The day wore on, and all these bright colours subsided, and assumed a quieter tint, like young hopes softened down by time, or youthful features by degrees resolving into the calm and serenity of age. But they were scarcely less beautiful in their slow decline, than they had been in their prime; for nature gives to every time and season some beauties of its own; and from morning to night, as from the cradle to the grave, is but a succession of changes so gentle and easy, that we can scarcely mark their progress.

To Godalming they came at last, and here they bargained for two humble beds, and slept soundly. In the morning they were astir: though not quite so early as the sun: and again afoot; if not with all the freshness of yesterday, still, with enough of hope and spirit to bear them cheerily on.

It was a harder day's journey than yesterday's, for there were long and weary hills to climb; and in journeys, as in life, it is a great deal easier to go down hill than up. However, they kept on, with unabated perseverance, and the hill has not yet lifted its face to heaven that perseverance will not gain the summit of at last.
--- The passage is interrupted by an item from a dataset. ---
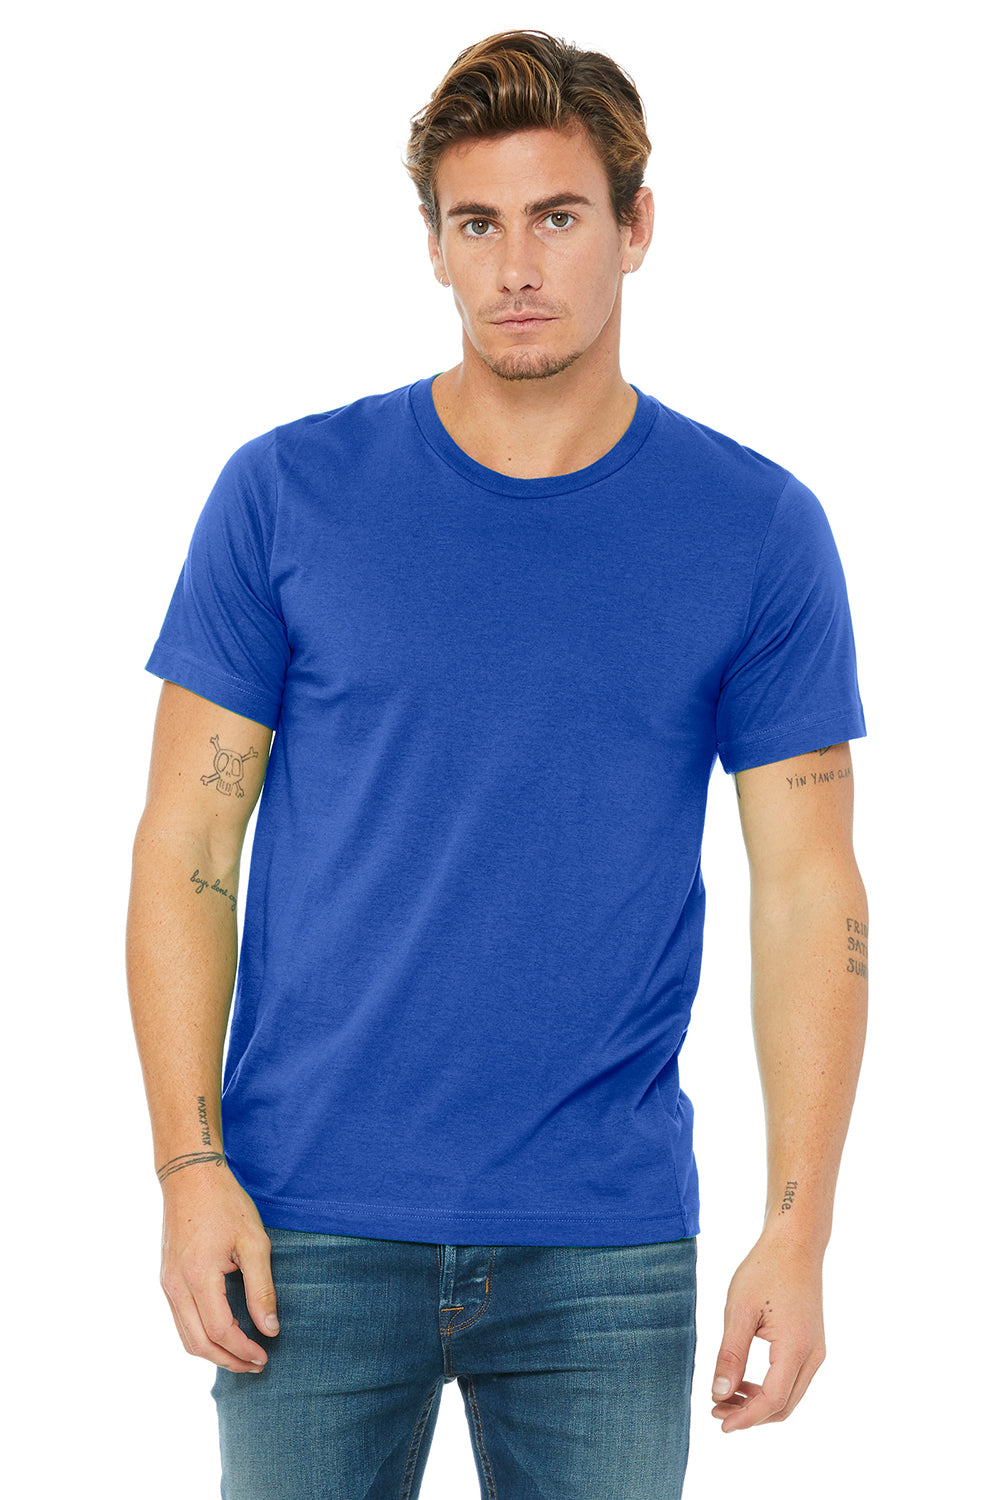 Bella + Canvas 3650 Mens Short Sleeve Crewneck T-Shirt Royal Blue Front

They walked upon the rim of the Devil's Punch Bowl; and Smike listened with greedy interest as Nicholas read the inscription upon the stone which, reared upon that wild spot, tells of a murder committed there by night. The grass on which they stood, had once been dyed with gore; and the blood of the murdered man had run down, drop by drop, into the hollow which gives the place its name. 'The Devil's Bowl,' thought Nicholas, as he looked into the void, 'never held fitter liquor than that!'

Onward they kept, with steady purpose, and entered at length upon a wide and spacious tract of downs, with every variety of little hill and plain to change their verdant surface. Here, there shot up, almost perpendicularly, into the sky, a height so steep, as to be hardly accessible to any but the sheep and goats that fed upon its sides, and there, stood a mound of green, sloping and tapering off so delicately, and merging so gently into the level ground, that you could scarce define its limits. Hills swelling above each other; and undulations shapely and uncouth, smooth and rugged, graceful and grotesque, thrown negligently side by side, bounded the view in each direction; while frequently, with unexpected noise, there uprose from the ground a flight of crows, who, cawing and wheeling round the nearest hills, as if uncertain of their course, suddenly poised themselves upon the wing and skimmed down the long vista of some opening valley, with the speed of light itself.